In this piece of coursework, you will implement the game of Tic-Tac-Toe and a Q-Learning agent capable of playing it.

**Total number of marks:** 40 marks.

**What to submit:** Your completed Jupyter notebook (.ipynb file) which should include all of your source code. Please do not change the file name or compress/zip your submission. Please do not include any identifying information on the files you submit. This coursework will be **marked anonymously**.

**Where to submit:** CM50270 Moodle Page.

You are required to **work individually**. You are welcome to discuss ideas with others but you must design your own implementation and write your own code.

**Do not plagiarise**. Plagiarism is a serious academic offence. For details on what plagiarism is and how to avoid it, please visit the following webpage: http://www.bath.ac.uk/library/help/infoguides/plagiarism.html

If you are asked to use specific variable names, data-types, function signatures and notebook cells, **please ensure that you follow these instructions**. Not doing so will cause the automarker to reject your work, and will assign you a score of zero for that question. **If the automarker rejects your work because you have not followed the instructions, you may not get any credit for your work**.

Please remember to **save your work regularly**.

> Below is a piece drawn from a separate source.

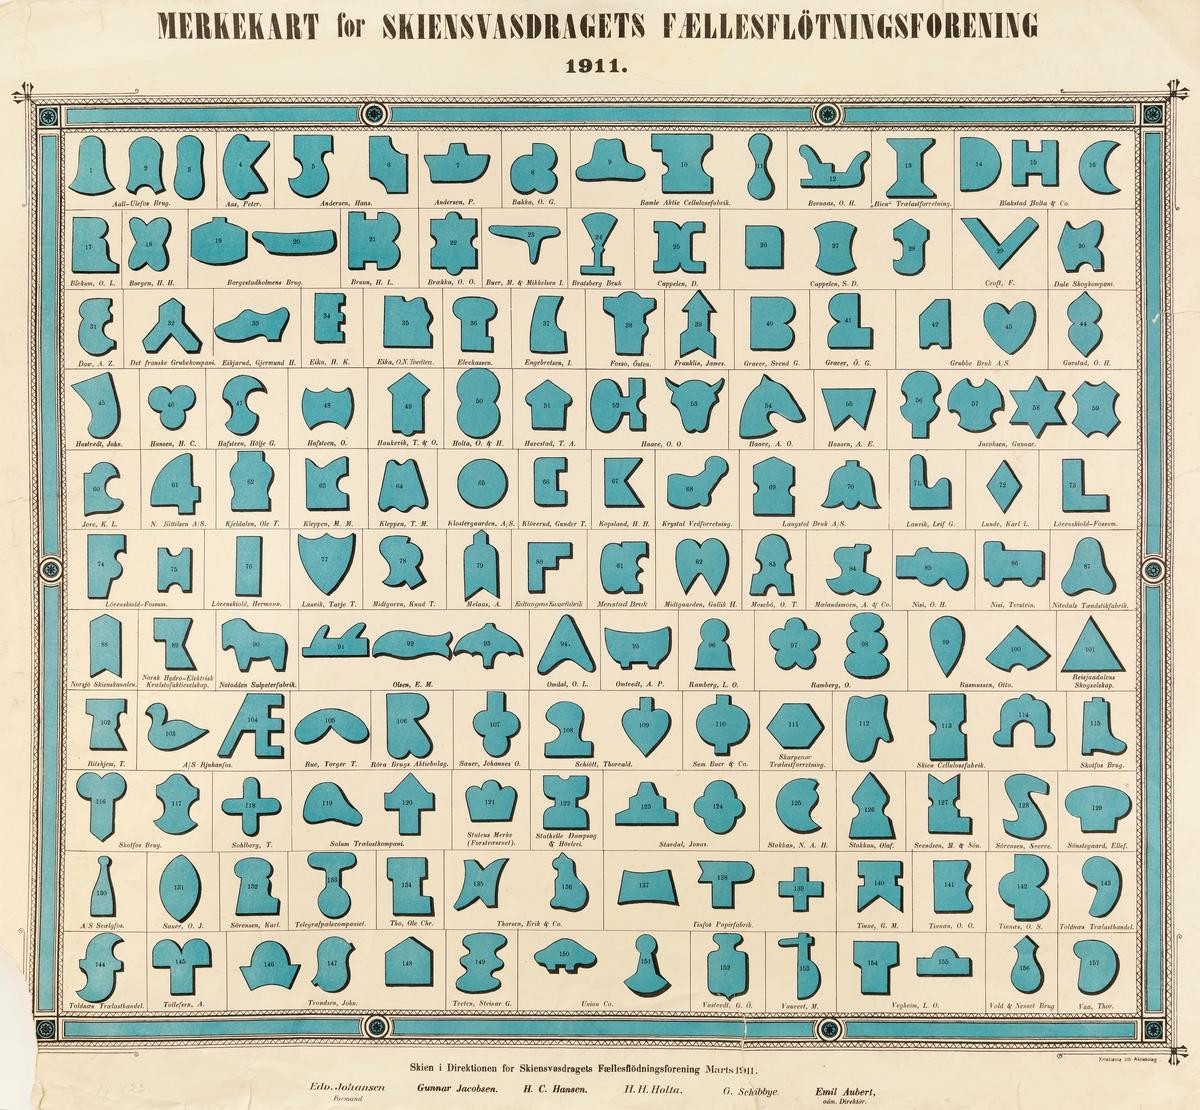 «MERKEKART for SKIENSVASDRAGETS FÆLLESFLØTNINGSFORENING 1911».  Kartet er trykt på et ark som er 70 centimeter bredt og 62, 5 centimeter høyt.  Under den siterte overskriften finner vi ei ramme med blå blå felt, avbrutt av rosetter som også er blåfargete, og med siksakmønstre langs ytterkantene.  Inni denne ramma finner vi 122 rektangulære ruter med fra ett til fire symboler i hver.  Disse symbolene har svart omramming med antydning til skyggelegging, og de er fylt med blått fargestoff.  Dette er tømmermerker som ble brukt av de aktørene som kjøpte og fikk fløtet tømmer i Skiensvassdraget i 1911.  Følgende tømmerhandlere er representert på merkekartet:  Aall-Ulefos Brug (tre merker) Aas, Peter (ett merke) Andersen, Hans (to merker) Bakka, O. G. (ett merke) Bamle Akte Cellulosefabrik (tre merker) Bernaas, O. H. (ett merke) «Bien» Trælastforretning (ett merke) Blakstad Holta & Co. (tre merker) Blekum, O. L. (ett merke) Borgen, H. H. (ett merke) Borgestadholmens Brug (to merker) Bruun, H. L. (ett merke) Brækka, O. O. (ett merke) Buer, M. & Mikkelsen, I. (ett merke) Bratsberg Bruk (ett merke) Cappelen, D. (ett merke) Cappelen, S. D. (tre merker) Croft, F. (ett merke) Dale Skogkompani (ett merke) Daw, A. Z. (ett merke) Det franske Grubekompani (ett merke) Eikjarud, Gjermund H. (ett merke) Eika, H. K. (ett merke) Eika, O. N. Tvedten (ett merke) Elvekassen (ett merke) Engebretsen, I. (ett merke) Fosso, Østen (ett merke) Franklin, James (ett merke) Graver, Svend G. (ett merke) Graver, Ø. G. (ett merke) Grubbe Bruk A/S (to merker) Gurstad, O. H. (ett merke) Hustvedt, John (ett merke) Hansen, H. C. (ett merke) Hafsteen, Hølje G. (ett merke) Hafsteen, O. (ett merke) Haukevik, T. & O. (ett merke) Holta, O. & H. (ett merke) Huvestad, T. A. (ett merke) Haave, O. O. (to merker) Haave, A. O. (ett merke) Hansen, A. E. (ett merke) Jacobsen, Gunnar (fire merker) Jore, K. L. (ett merke) N. Kittilsen A/S (ett merke) Kjeldalen, Ole T. (ett merke) Kleppen, M. M. (ett merke) Kleppen, T. M.

Please be sure to **restart the kernel and run your code from start-to-finish** (Kernel → Restart & Run All) before submitting your notebook. Otherwise, you may not be aware that you are using variables in memory that you have deleted.

Your total runtime must be less than **3 minutes** on the University's computers in 10W 0.02 and that **written answer length limits** are adhered to. Otherwise, you may not get credit for your work.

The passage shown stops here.